一阵麻痹的痛楚从脸颊处传来,他伸手一摸,手上满是血。
秦绝风:“你!”他的声音里有三分愤怒,七分恐惧。
晏玉舟还在原地,根本没有任何动作,他到底怎么做到的!!!
晏玉舟并没有看他们,他向晏扶桑走去。
晏扶桑对那群嚎啕大叫的人见怪不怪,并不在意:“哥,又是昨天那倒霉小子,他被这几个人折断了胳膊,现在昏过去了,也不知道死了没。”
她说话没心没肺的,晏玉舟摸向他的脉搏:“还活着。”
“他的胳膊得好好治,不然估计好不了。”晏扶桑道。
晏扶桑本意是想为这小孩找个郎中来看,但没想到,晏玉舟一手揽住谢六的脖子,一只手穿过他的腿弯,将他打横抱起,将他的胳膊垂下,避开了他的伤处。
晏扶桑目瞪口呆:“哥,你的洁癖呢?”
晏玉舟一向喜洁,此刻却将满身泥尘与汗水的少年抱在怀中,眉头都未皱一下。
晏扶桑恍惚地想:这真是我哥?
见两人要走,秦绝风慌忙地喊了声:“喂!晏玉舟!”
秦少明瞪圆了眼,完全不知道少爷这一声喊的是什么意思?这阎王都要走了,被他划三刀就划三刀吧,疼一疼十天就好了,他可不想死啊!

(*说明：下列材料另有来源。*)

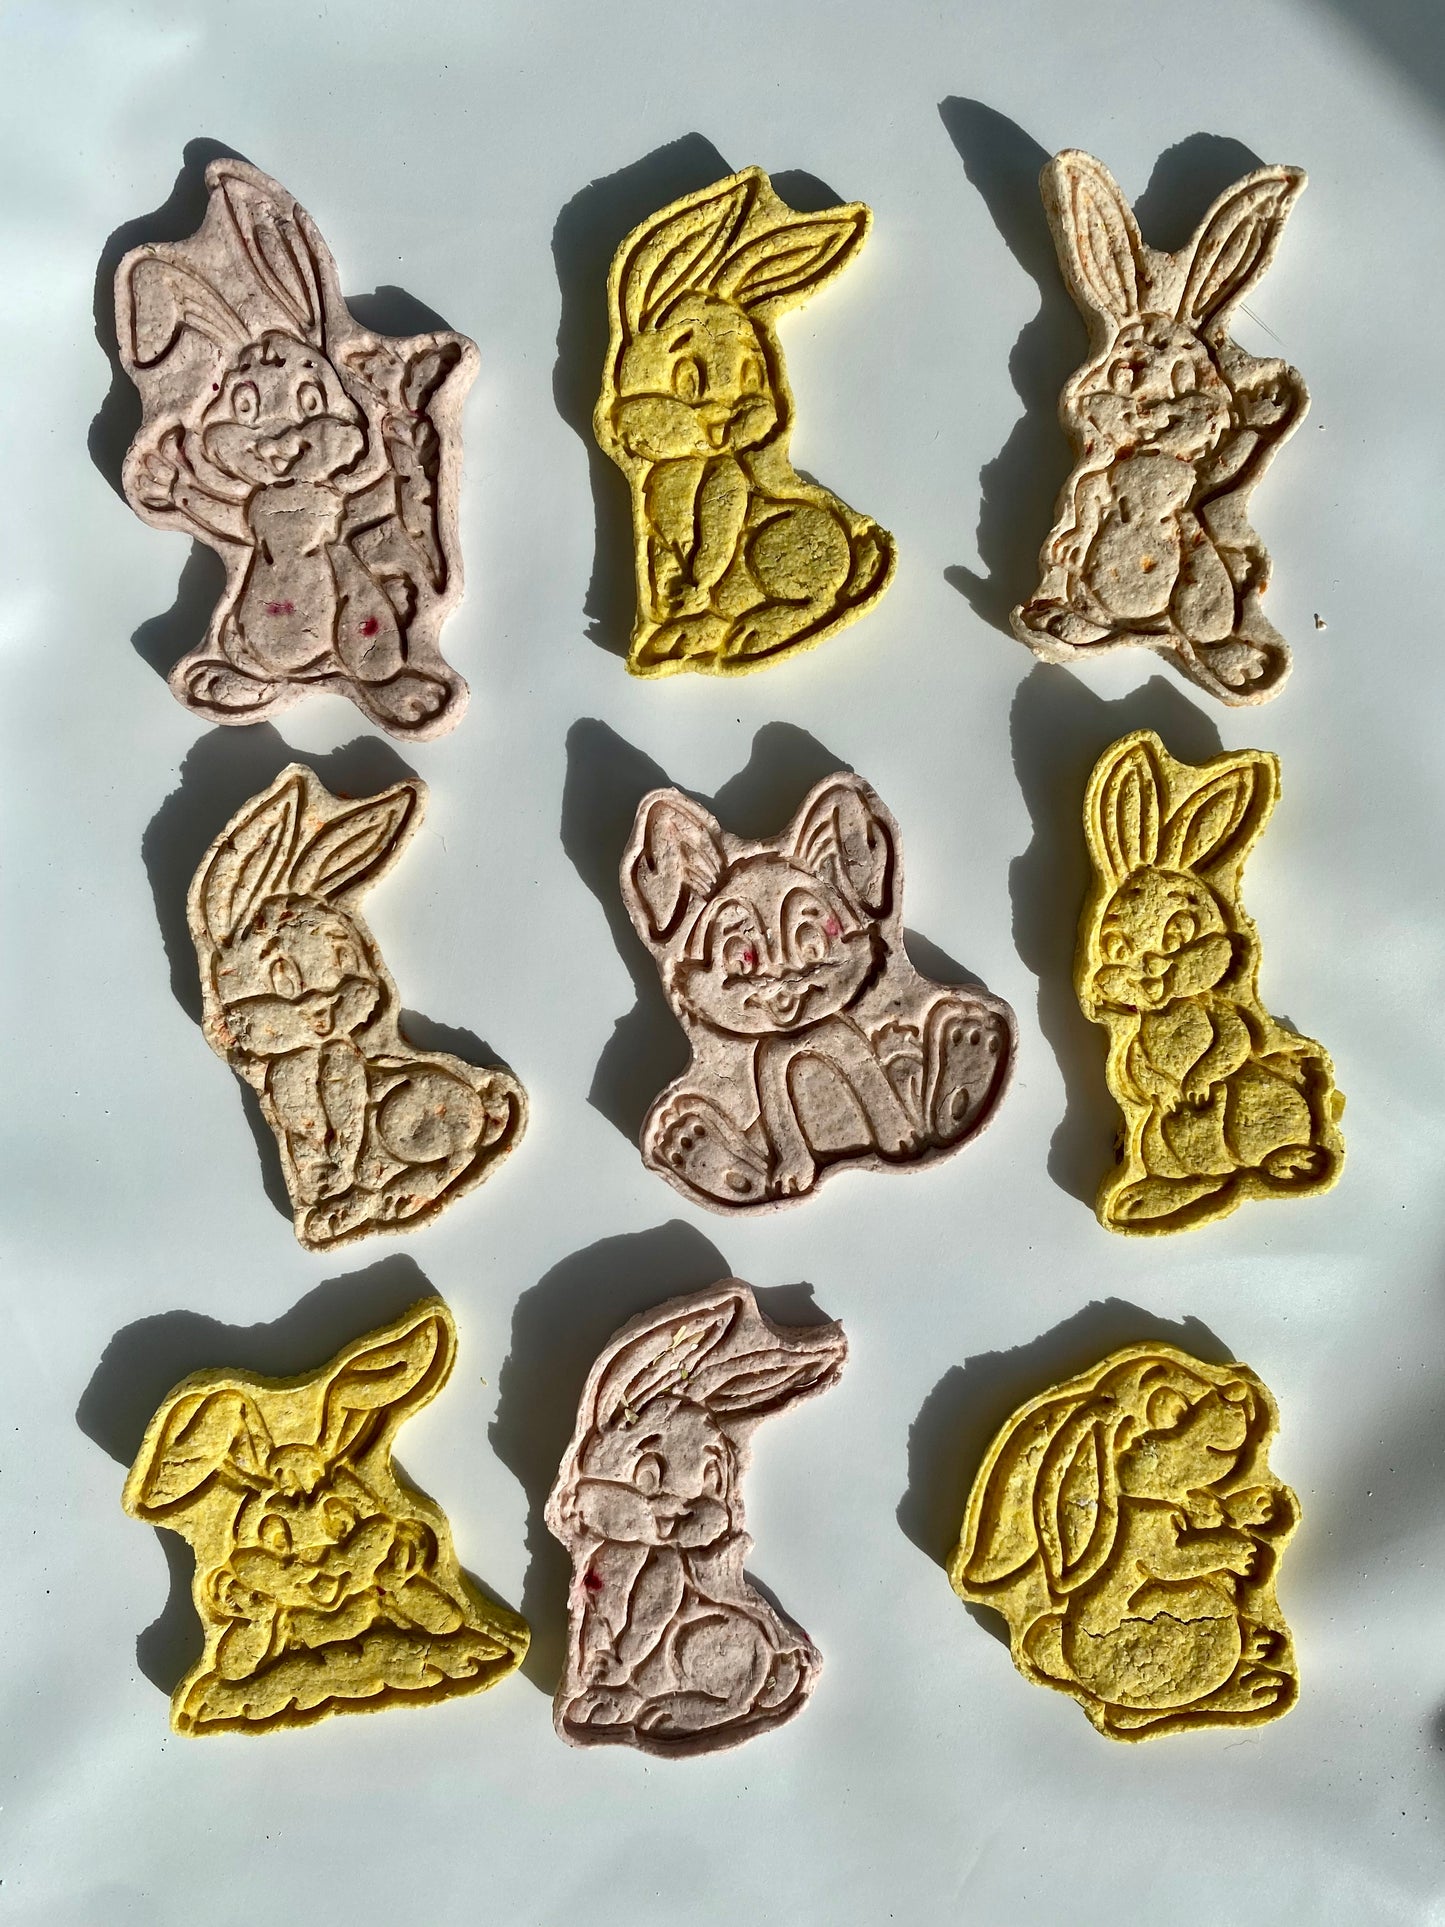 Bunny shaped treats

晏少主并未回头,晏扶桑倒是驻足,看了他们一眼:“怎么,没把人杀死,不甘心是吗?还是说不甘心输给我哥?安啦安啦,世界上输给我哥的人数不胜数,你不是头一个啊。”
秦绝风也不知道他喊他们留下来是什么意思,他迟疑片刻,晏扶桑眼中满是不耐烦:“我哥没把你们打死已经算你们命好,下次再敢做这样的烂事,就不止这三道刀疤的事了。”
秦绝风喊道:“以后我一定会打败你!”
晏扶桑挖了挖耳朵,大声道:“这句话到底有多少人说过,我耳朵都要起茧子啦。”
晏玉舟道:“扶桑,走了。”
秦绝风恋恋不舍地看着他的背影,秦少明有点不可思议,这少爷向来是个自大狂,今天被晏少主这么一弄,怎么感觉像受虐狂。
不过,他摸了摸自己的脸颊,哭诉道:“少主,这伤痕会留疤的,好难看的。”
秦绝风不耐烦道:“留什么疤,一个月就好了。”
秦少明绝望道:“少爷,这是好不了的啊。”
秦绝风皱眉道:“这是为何?”
秦少明哭道:“霜寒剑号称‘削铁如泥,雁过留痕’,意思就是,他的剑锋利到什么都能削开,而且,不管是什么金银铁铜,只要他的剑刮过,留下的痕迹就永远不会消失。”
晏家兄妹将谢六带回住所。二人出行不爱带侍从,却住在燕城最好的酒楼。
晏扶桑喊了店内的管家过来帮忙去医馆抓药,晏玉舟则是闭目为躺在床上的少年输送灵力疗伤。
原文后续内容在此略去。